A Justice Department spokeswoman declined to comment on the contents of an internal staff report recommendation that is the current source of skepticism regarding the MCI-Sprint merger. It has not been publicly released.

But sources indicate that the staff report indeed raises serious concerns about the combination of MCI Worldcom and Sprint, two of the nation's largest long-distance voice and Internet carriers. The DOJ's concerns, which stem from combining the No. 2 and No. 3 long-distance providers, could have a chilling effect on future communications mergers.

"I think the DOJ just stopped the music, and there are no more chairs left. I don't think there's any more room for carriers to buy carriers," McGee said.
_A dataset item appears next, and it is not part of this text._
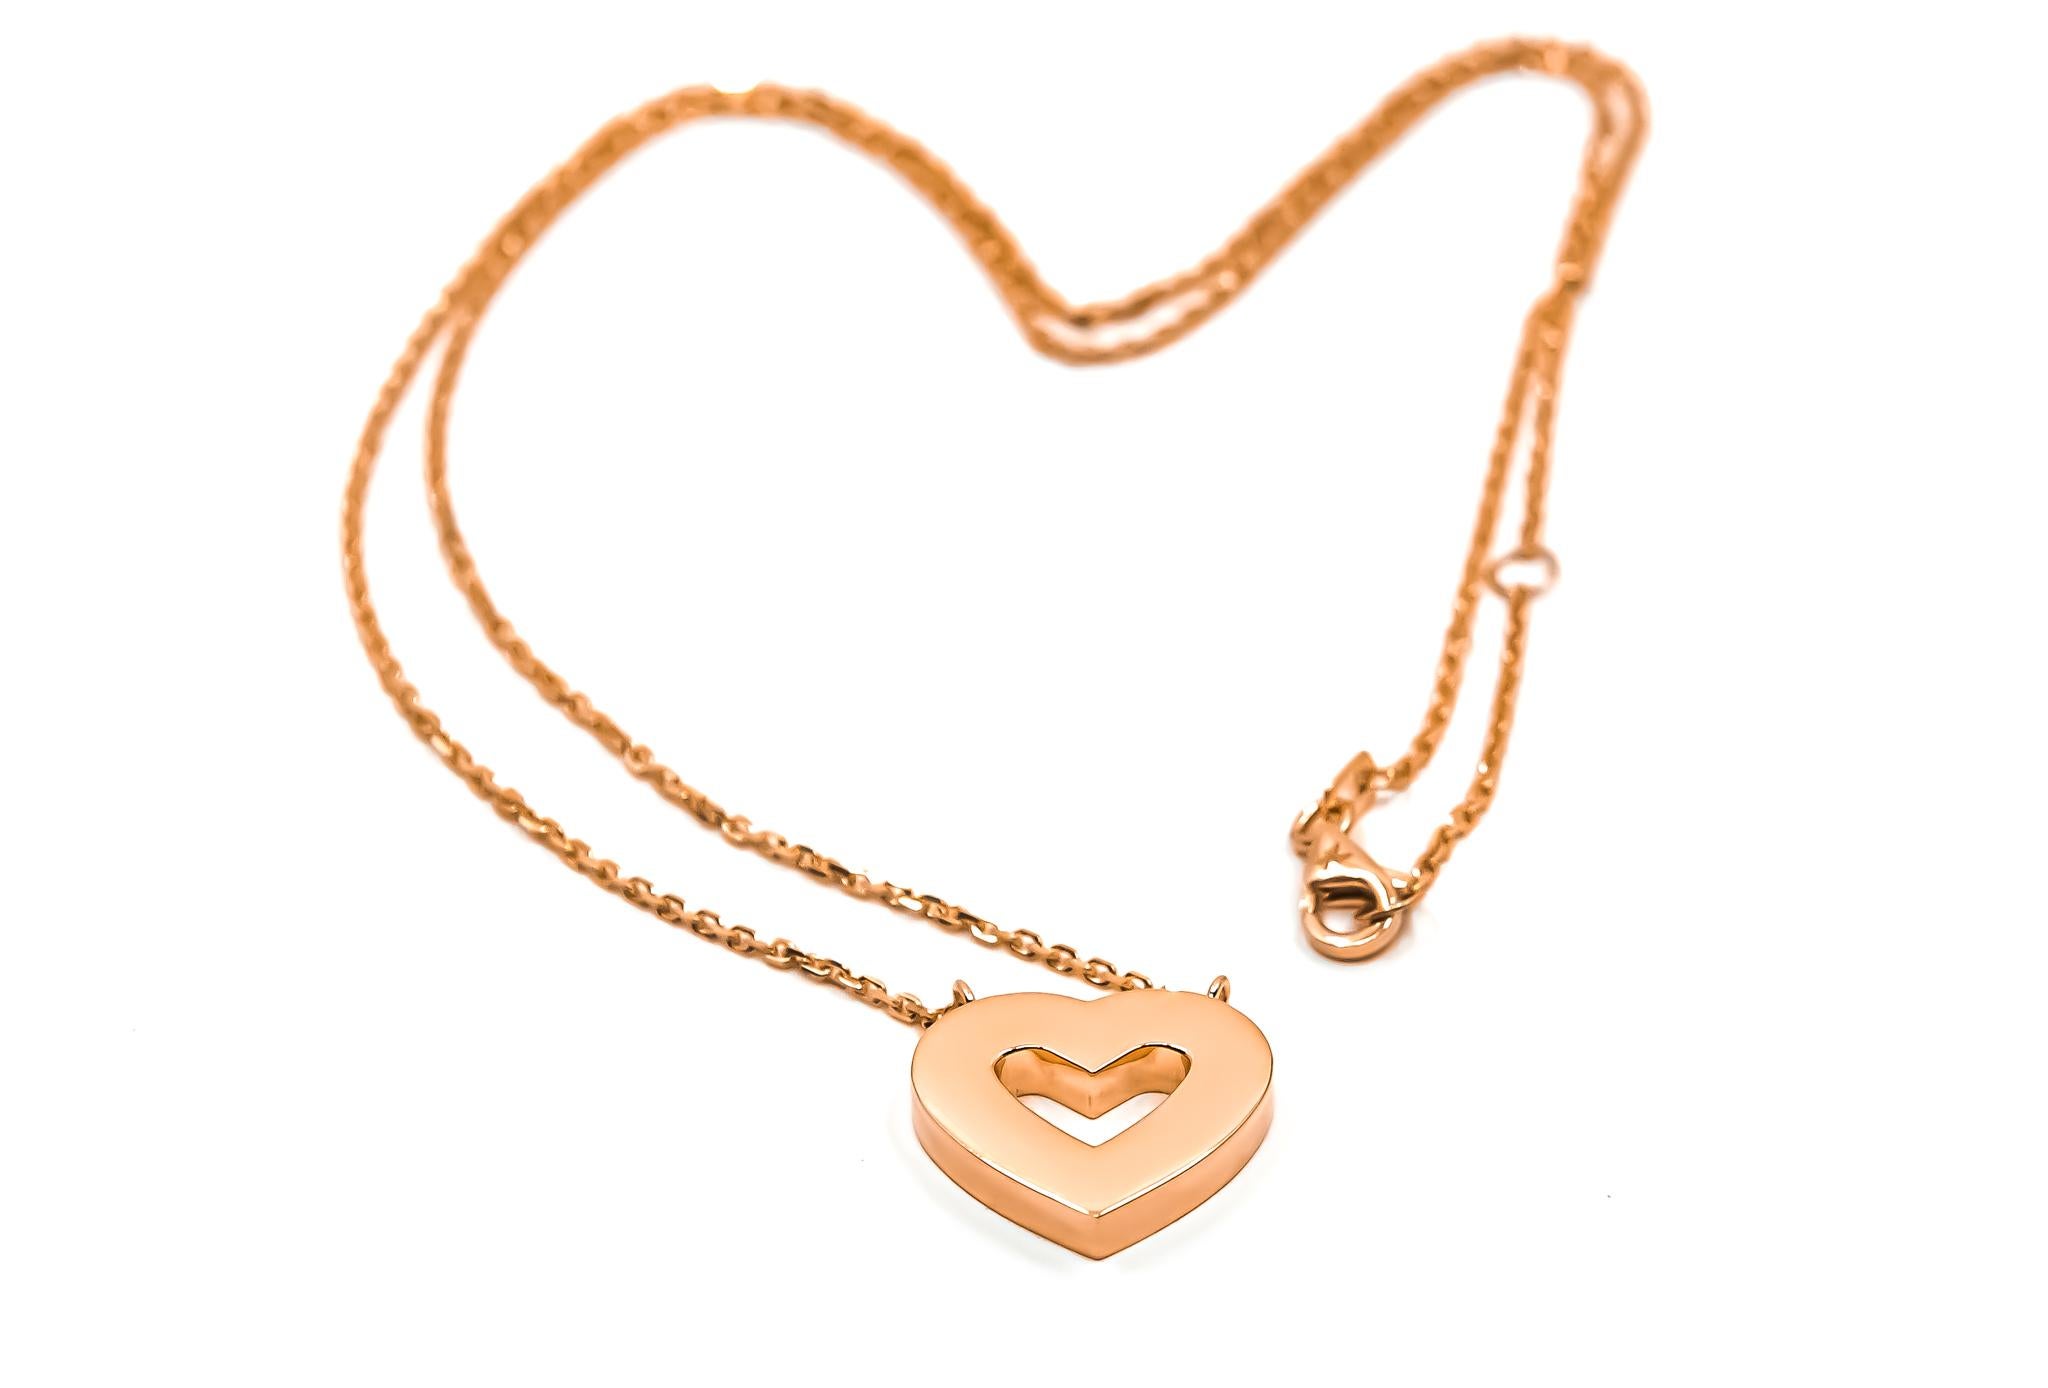 18kt solid rose gold pendant necklace by Mohamad Kamra from the Heart Collection.

McGee is confident, however, that the AT&T-MediaOne deal and AOL's proposed purchase of Time Warner will be approved, because those companies independently don't dominate the same markets. According to reports, Ma Bell's MediaOne deal still may be delayed.

Yet Sprint and MCI executives have not given up hope.
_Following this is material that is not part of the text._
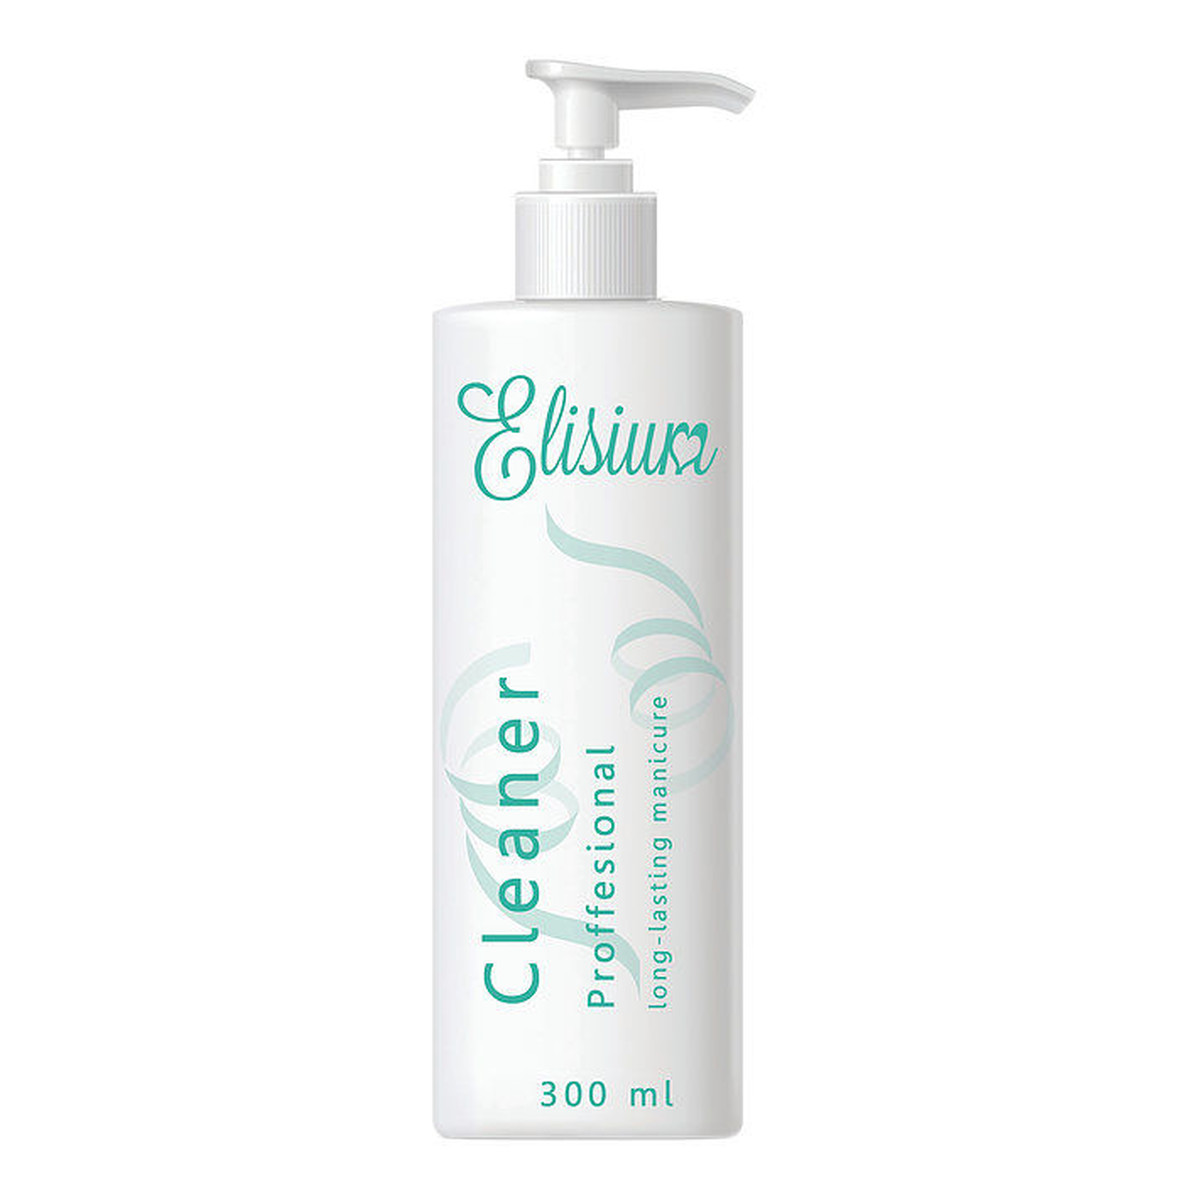 Elisium Cleaner Proffesional Cleaner 300ml

"When we signed the merger agreement we knew that the government would take the traditional long-distance market and other factors into its consideration of the deal," said MCI WorldCom spokesman Peter Lucht.

"And we believe the dramatic changes affecting the telecommunications industry, including technological advancements, the competitive landscape, and consumer demand, should lead the DOJ to decide the merger should be approved."

Sources close to the companies said MCI and Sprint have not yet met face-to-face with Joel Klein, the Justice Department's chief antitrust enforcer, best known for his ongoing battle with Microsoft.

Sources also said MCI and Sprint have not yet discussed potential remedies with the DOJ, though Sprint officials have indicated they would be willing to divest Sprint's Internet backbone network if necessary. MCI WorldCom chief executive Bernie Ebbers, however, has indicated he is unwilling to sell MCI's UUNet Internet unit--one of its fastest growing businesses.

ABN AMRO financial analyst Kevin Roe wrote in a research report that today's flurry of media reports concerning a merger hold up were perhaps a "leak" by the Justice Department used as a negotiating tactic.

"Outright rejection of the merger is the most extreme of positions, and there are many intermediate possibilities likely that would include approval of the merger," Roe said. "We continue to believe that (the MCI-Sprint) merger will receive ultimate approval, after concessions, in the fourth quarter."

If the deal is nixed by the DOJ, however, Roe expects MCI to try and acquire VoiceStream, a large U.S. wireless service provider, to fill a longtime void in MCI's telecommunications strategy.